IC50 of unconjugated polymyxin B × 100 IC50 of polymyxin B conjugate / dex rano
The carbocyanine dye test is an in vitro biochemical assay used to measure the endotoxin properties of polymyxin B and the conjugates of the present invention. This assay is modified from previous reports (Oga and Kanoh, Microbiol, Immunol, 28 [1984] 1313-1323, Zey and Jackson, Applied Microbiol, 26. [1973] 129-133), and optimized for use in plates. of microtitration. In this assay, the unconjugated conjugate or PMB (positive control) competes with the carbocyanin dye (a small cationic compound that changes in spectrophotometric absorbency when bound to endotoxin) by the endotoxin. The preparation of reagents for the carbocyanin dye test is as follows: 1) a solution of 0.15 M sodium acetate and 0.15 M acetic acid solution is prepared. The two are combined
(40.2 milliliters of 0.15 M sodium acetate and 159.8 milliliters of 0.15 M acetic acid) to make a 0.03 M acetate buffer; 2) 8.0 milligrams of carbocyanine dye are dissolved in 12.5 milliliters of ethyl alcohol. This is diluted with 37.5 milliliters of acetate buffer. This is the final dye solution at 160 micrograms / milliliter in 25 percent ethanol. It is kept on ice, in the dark, and mixed for at least 30 minutes; 3) serial dilutions of PMB or of each conjugate are prepared in a 40 mM phosphate buffer (pH = 7.4). Each dilution is 6 times greater than its final test concentration; 4) After sonification, 0.111: B of E. coli endotoxin is diluted to 0.5 milligrams / milliliter of 0.9 percent serum of a concentration of a pre-prepared frozen supply of 1.0 milligram / milliliter of 0.9 percent serum . Plates are placed, and the test is carried out as follows, with the addition of samples or regulator to the microtiter cavities first: a) control: 100 microliters of serum and 50 microliters of 40 mM phosphate buffer (pH = 7.4) in triplicate; b) positive control: 100 microliters of endotoxin and 50 microliters of 40 mM phosphate buffer (pH = 7.4) in triplicate; c) samples of PMB: 100 microliters of endotoxin and 50 microliters of samples of PMB, in triplicate; d) Negative controls: 100 microliters of serum and 50 microliters of conjugate samples, in triplicate; e) experimental: 100 microliters of endotoxin and 50 microliters of conjugate samples, in triplicate. The plates are centrifuged for several minutes. 150 microliters of dye are added to each cavity, and the plate is wrapped in foil and kept on ice and in the dark for 60 minutes. The cavities are mixed with a multi-channel pipette, and read immediately at 450 nanometers in a microtiter plate reader. Reed-Muench calculations are performed for the estimation of the IC50. The invention is illustrated by the following non-limiting examples. The temperatures are in degrees Celsius.
Example 1
A) Oxidation of dextran A 5-liter four-necked round bottom flask is charged with 2.31 liters of water for injection and 150 grams of dextran. The mixture is stirred at 21 ° C to 24 ° C, at about 140 rpm, to effect dissolution. A solution of 3.9 grams of sodium periodate in 60 milliliters of water for injection is added (moderate exotherm, approximately Io C). The addition funnel is rinsed with 30 milliliters of water for injection. The resulting mixture is stored at 21 ° C-24 ° C for 1 hour. The solution is vacuum filtered through a 90 millimeter Corning cellulose acetate membrane filter of 0.22 microns, and heated to 30 ° C-32 ° C, and maintained at that temperature.
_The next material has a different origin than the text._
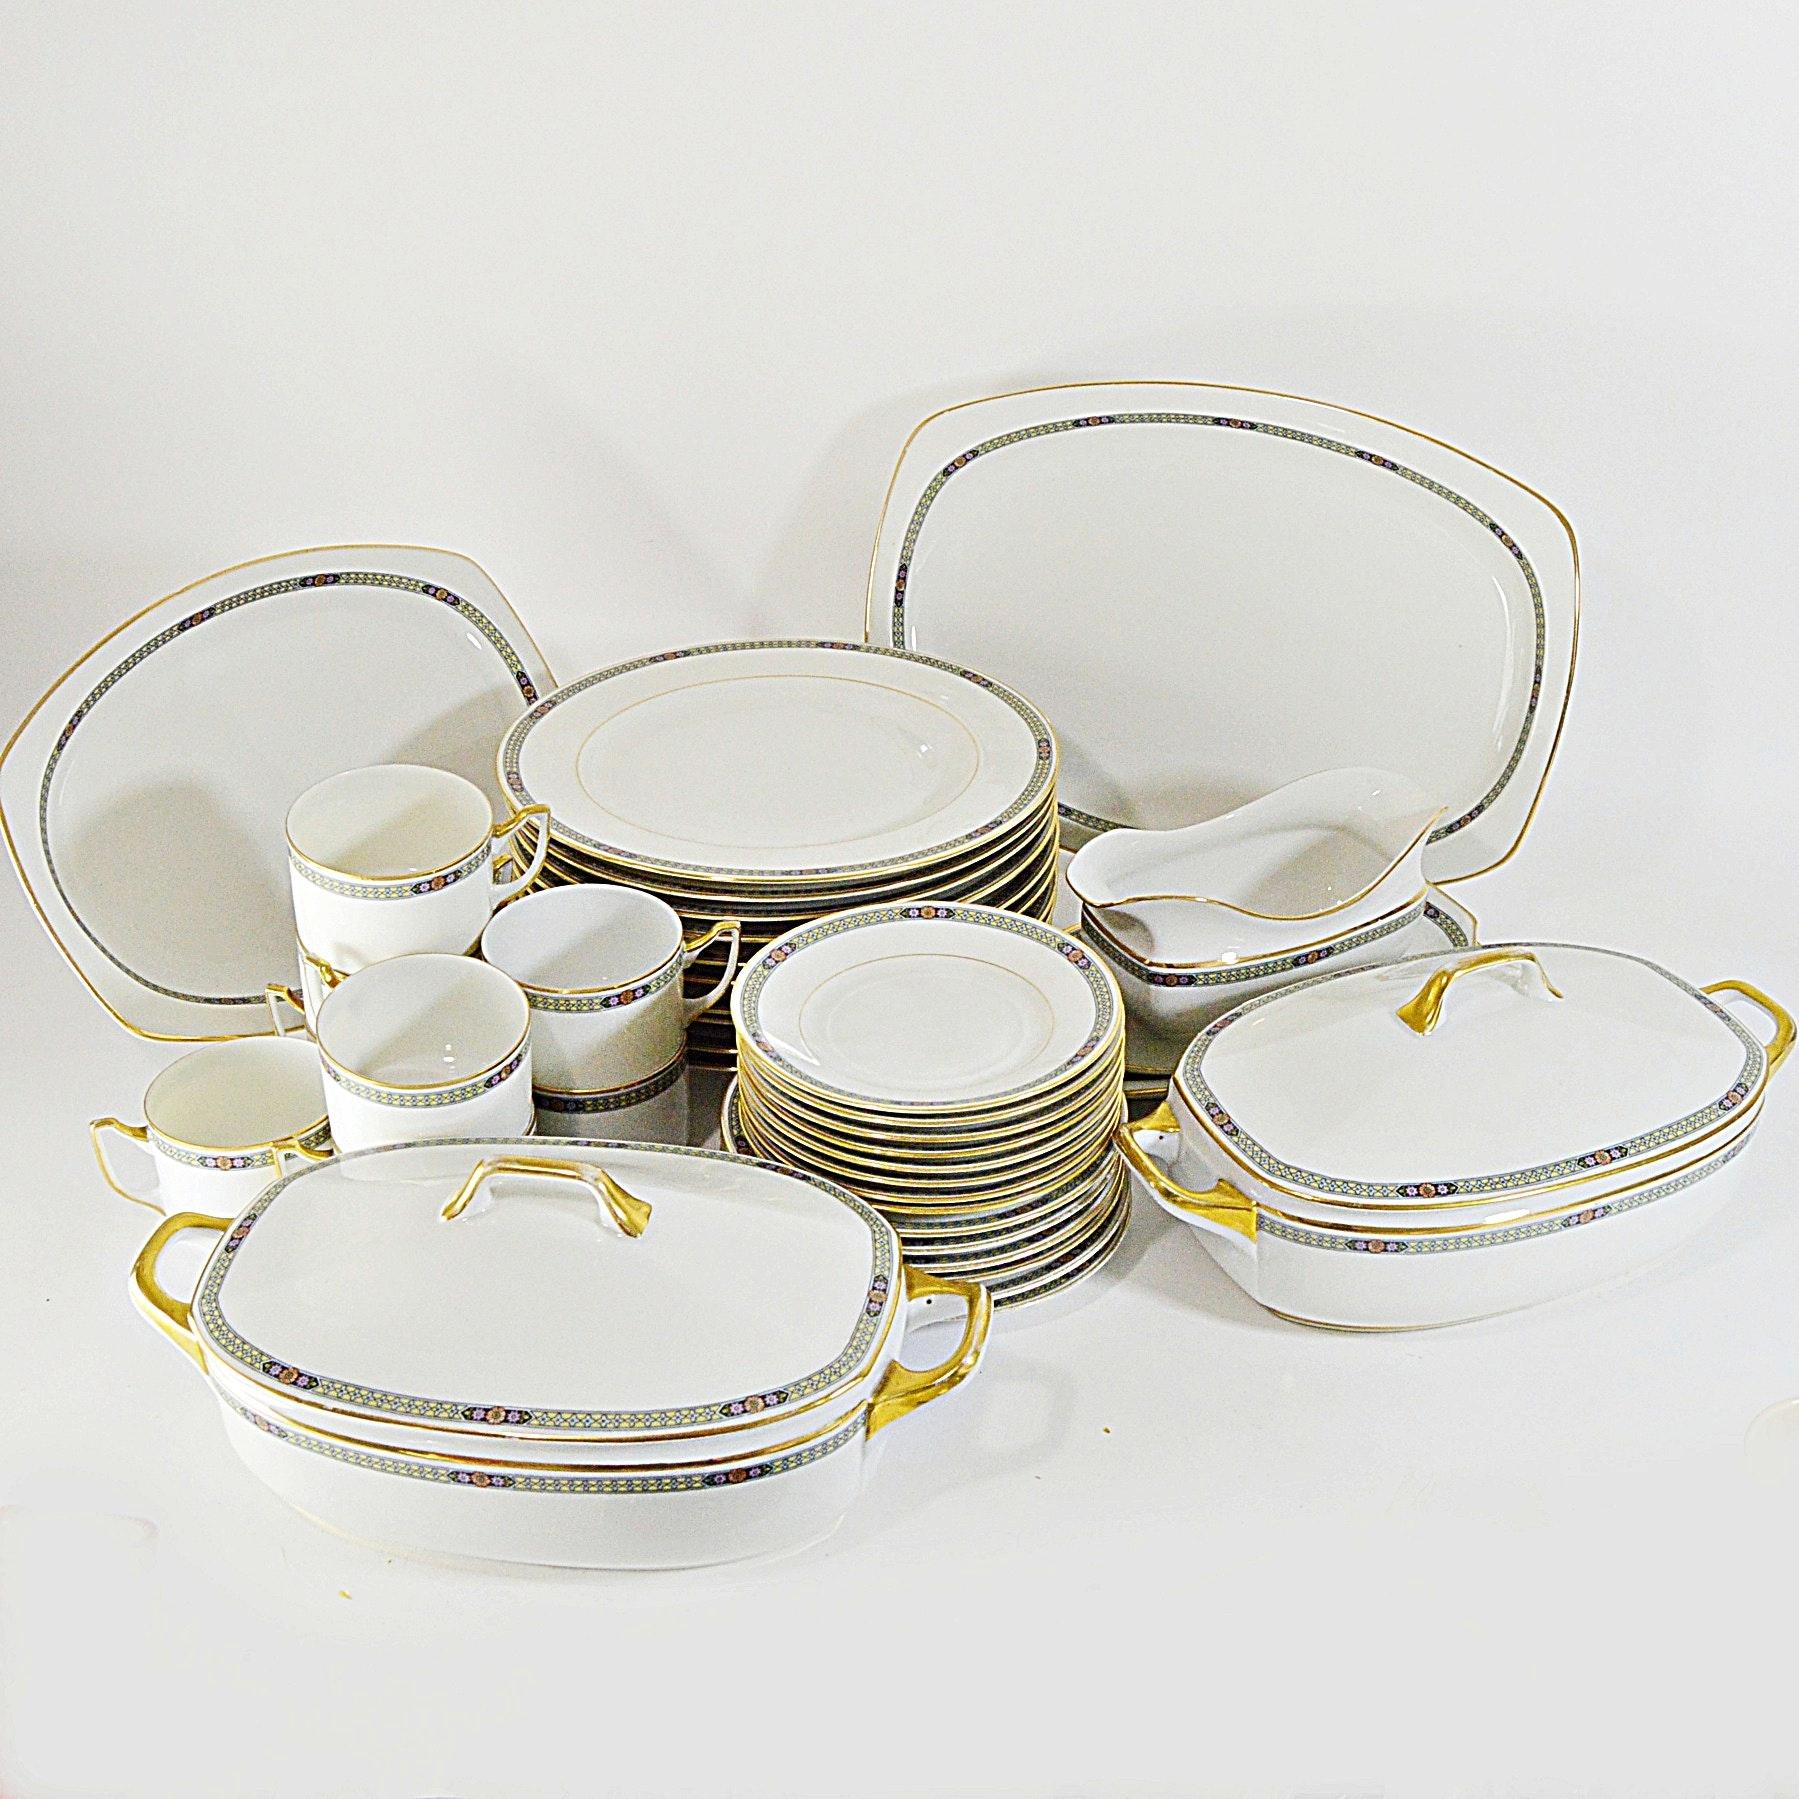 Set of Vintage Czechoslovakian Epiag Porcelain Dinnerware

B) Preparation of polymyxin B sulphate solution / borate regulator This preparation is started 45 minutes before the oxidation of dextran, filtration, and heating of A) above is finished. A four-neck round bottom flask, of 12 liters, is charged with 3.00 liters of borate regulator at a pH of 9.7, and regulator temperature is adjusted to 32 ° C. Next, 45 grams of polymyxin B sulfate are added, and the resulting suspension is stirred at 32 ° C for 45 minutes. The pH of the mixture is measured (initially 9.4) and adjusted to a pH of 9.7 at 32 ° C by the addition of 30 milliliters of 5N NaOH. The borate regulator is prepared as follows: a 5-liter four-necked round bottom flask, heat treated, is charged with 114.3 grams of sodium tetraborate decahydrate and 2,906 liters (2.90 kilograms) of water for injection. The solution is heated to 32 ° C, and the pH is adjusted to 9.7 (initially 9.3) by the addition of 37 milliliters of 5N NaOH. The solution is vacuum filtered through a 90 millimeter Corning cellulose acetate sterile membrane filter and stored.
C) Reaction of polymyxin B sulfate with oxidized dextran The oxidized dextran solution previously heated (30 ° C-32 ° C) (from part A) is added as quickly as possible to the stirred mixture of polymyxin sulfate B in borate regulator at 32 ° C (from part B). After the addition is complete, the pH of the mixture is measured (initially 9.5), and adjusted to a pH of 9.7 by the addition of 18 milliliters of 5 N NaOH. The mixture is stirred at 32 ° C for 1 hour . To the heterogeneous mixture, a solution of 3.6 grams of sodium borohydride in 50 milliliters of water for injection is added. The mixture is stirred at 32 ° C for 2 hours. Another fresh solution of 3.6 grams of sodium borohydride in 50 milliliters of water for injection is added to the mixture. The mixture is stirred for 2 hours at 32 ° C. To the mixture is added a solution of 3.6 grams of sodium borohydride in 50 milliliters of water. The heating is removed, and the reaction mixture is allowed to cool to room temperature with stirring for 14 hours. The pH of the reaction mixture is measured (10.0), and adjusted to a pH of 5.7 by the addition of 1.27 liters of IN HCl. The resulting mixture is stirred for 10 minutes after acidification, and filtered under vacuum through a sterile 0.22 micron Corning cellulose acetate membrane filter to yield 6.81 liters of a conjugate solution of polymyxin B-dextran. , which is saved for purification.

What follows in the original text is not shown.